##### INFORMATION SUPPLIED #####

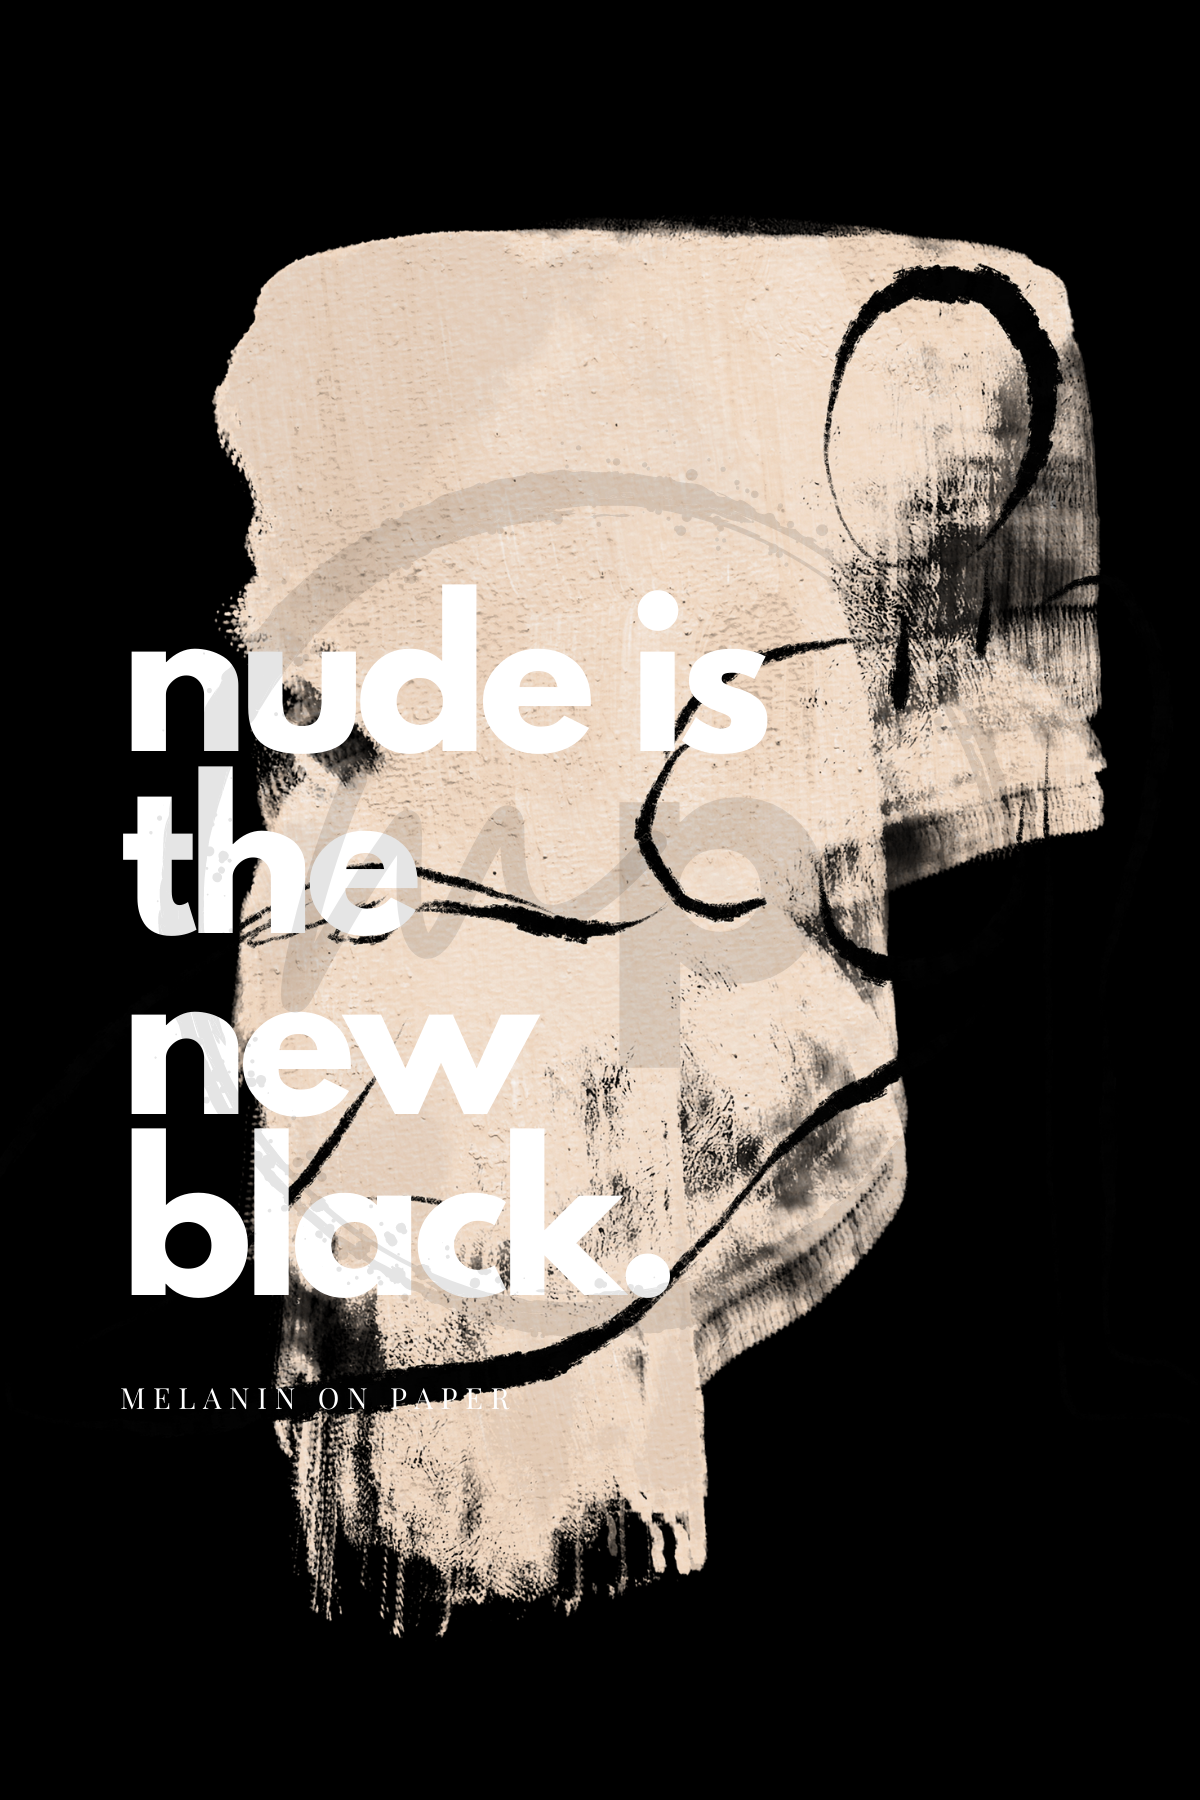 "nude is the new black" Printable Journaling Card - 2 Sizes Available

#####
##### INFORMATION SUPPLIED #####

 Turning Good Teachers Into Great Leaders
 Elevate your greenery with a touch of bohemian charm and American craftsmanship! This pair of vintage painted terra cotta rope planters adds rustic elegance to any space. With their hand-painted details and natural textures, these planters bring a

#####

* PROBLEM REQUIREMENTS *
Set down exactly the lines of the data above, beginning with the line that has "Turning Good Teachers Into Great Leaders" and ending with the line that has "Elevate your greenery", and no others.

* TASK SOLUTION *
 Turning Good Teachers Into Great Leaders
 Elevate your greenery with a touch of bohemian charm and American craftsmanship! This pair of vintage painted terra cotta rope planters adds rustic elegance to any space. With their hand-painted details and natural textures, these planters bring a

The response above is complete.